ARJUNA La Montagna Sacra reviews

Showing all collaborators reviews and last reviews preview | Show all reviews/ratings

Collaborators/Experts Reviews

Review by LinusW
SPECIAL COLLABORATOR Italian Prog Specialist
3 stars Perhaps just as much a project as a band, this is another album with Andrea Monetti Roccasanta (also involved in Amanita and Alhambra, both listed on ProgArchives under Prog Folk and Space/Psych Prog respectively) behind the steering wheel.

In many ways those two categorisations give a clear hint towards what you can expect from the music, and in essence La Montagna Sacra is a somewhat eclectic combination of both psychedelic and folk influences, with a clear and tangible RPI vibe that connects and enriches the music further. Very familiar and pulsing, pleasing and nostalgic music that emphasises the freedom and range in style that many of the 70s RPI classics master like few others.

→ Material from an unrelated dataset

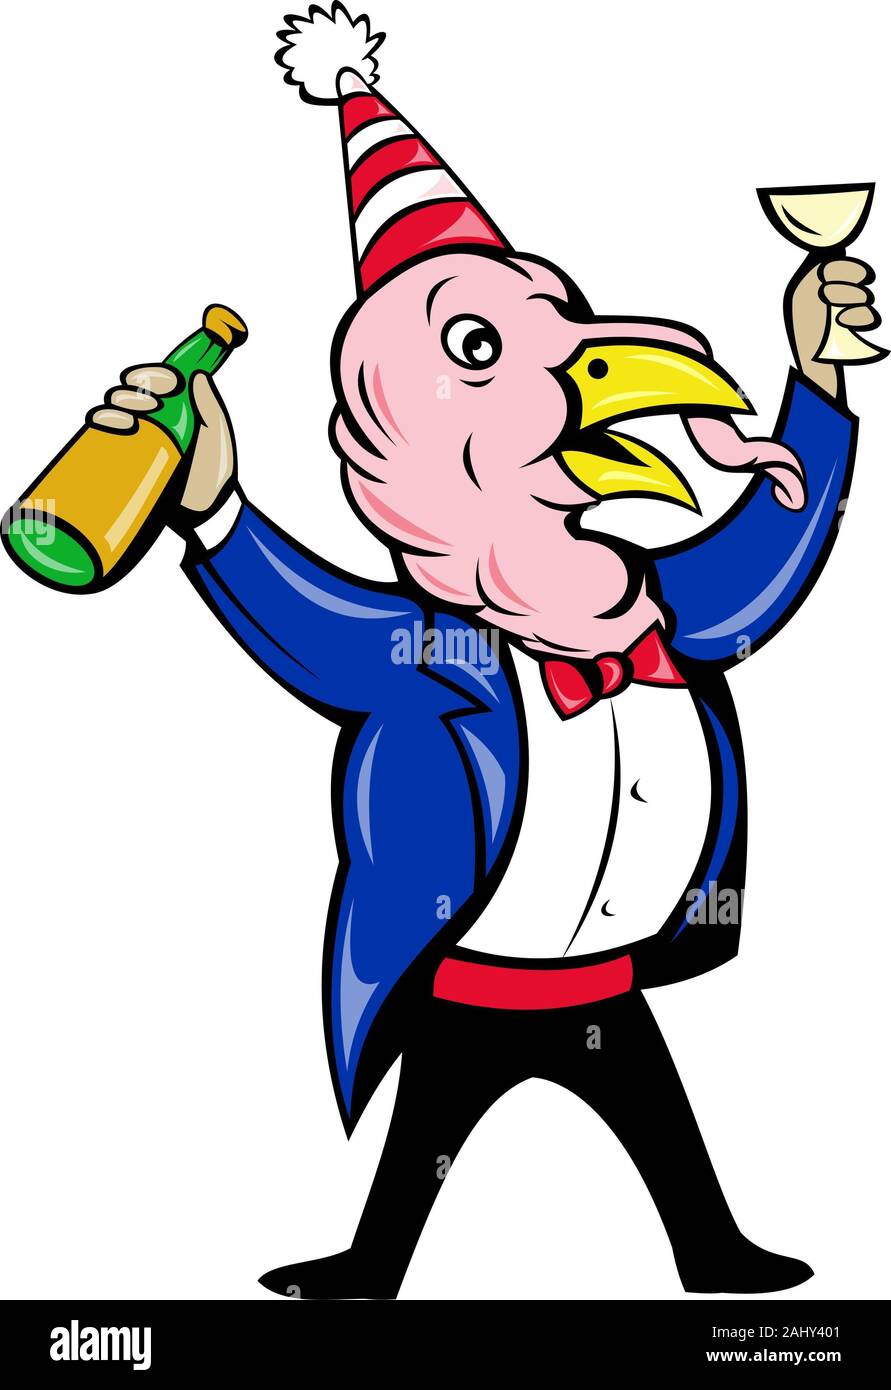 illustration of a cartoon turkey in tie and suit holding wine bottle and glass offering a toast isolated on white. Stock Photo
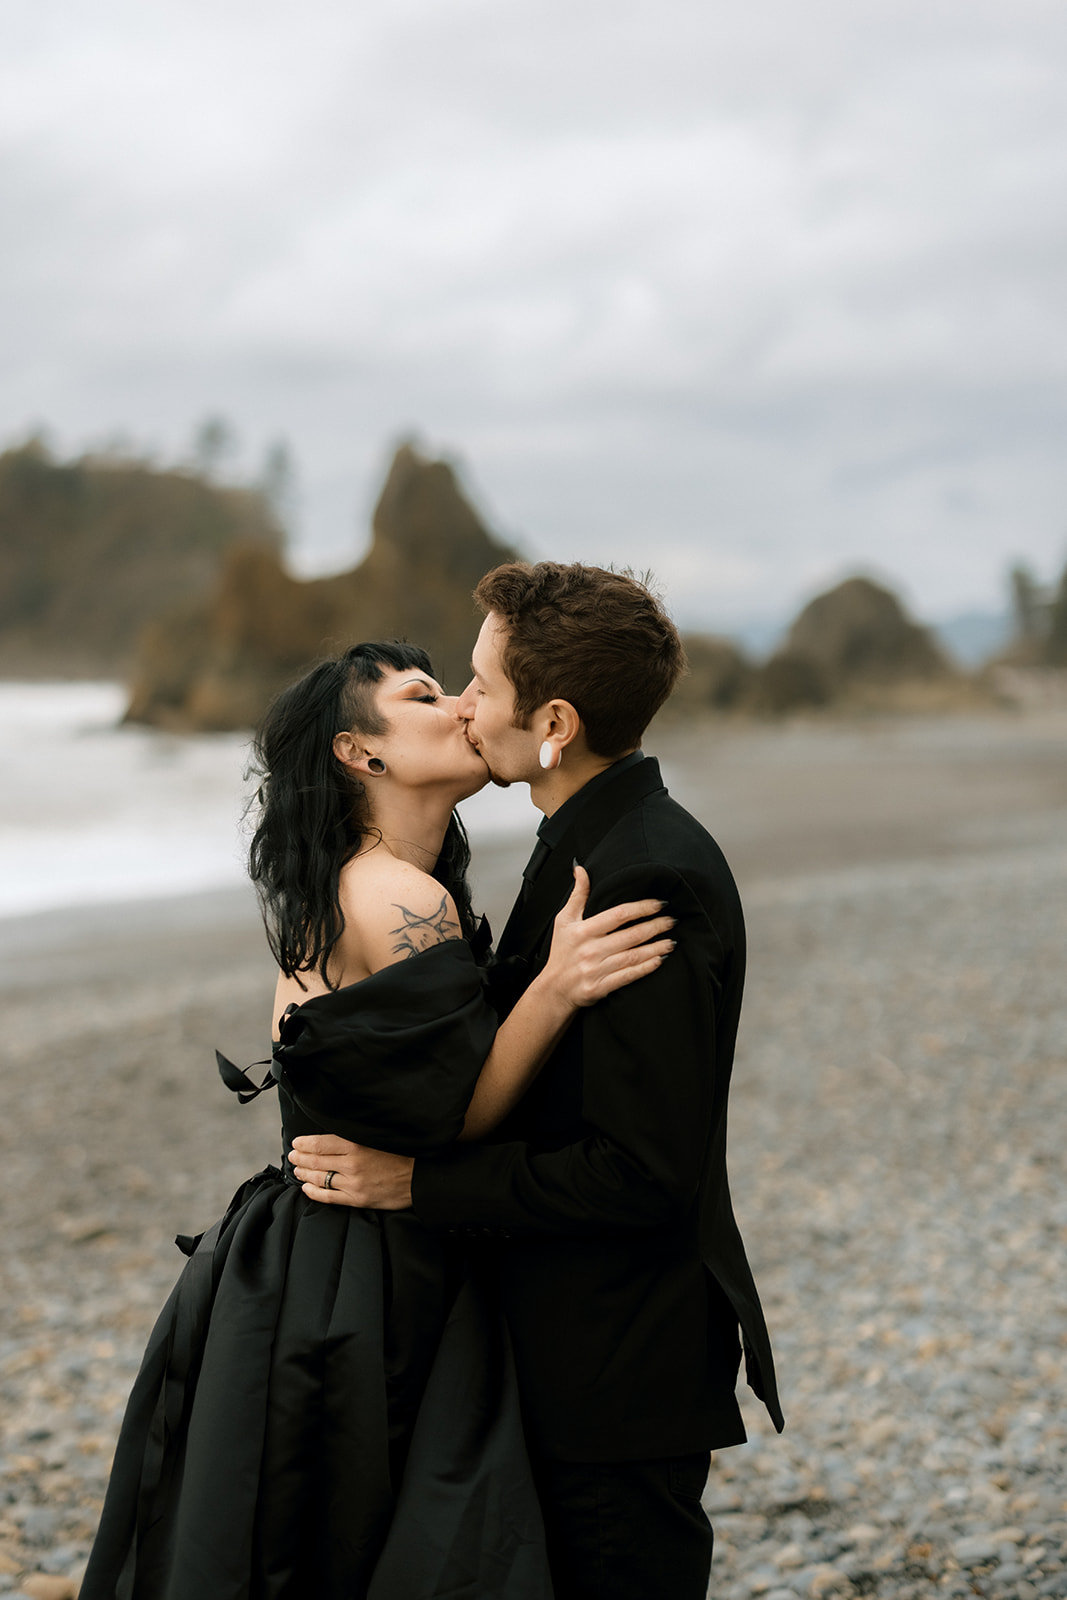 A couple in black wedding outfits kisses on a washington beach on a cloudy day.

Take for example the theatrical defiance and drive of the latter half of opener Perso Nel Vueto (don't miss the eerie resemblance to Led Zeppelin's No Quarter during its introduction), with the action-packed mix of whirling flute, powerful drumming and slightly playful keys that expand into uncompromising and naked guitar solos, and both giants like Jethro Tull and lesser known gems of RPI springs to mind. Salva La Tua RealtÓ has the same hard-hitting riffs as early Il Rovescio Della Medaglia, but with more emphasis on sweet melodies with once again gorgeous flute in between. Bonus points for pulling off the mandatory drastic changes in tempo and force with a lot of finesse and maturity. It's easy-going, natural and just lovely for much of the time.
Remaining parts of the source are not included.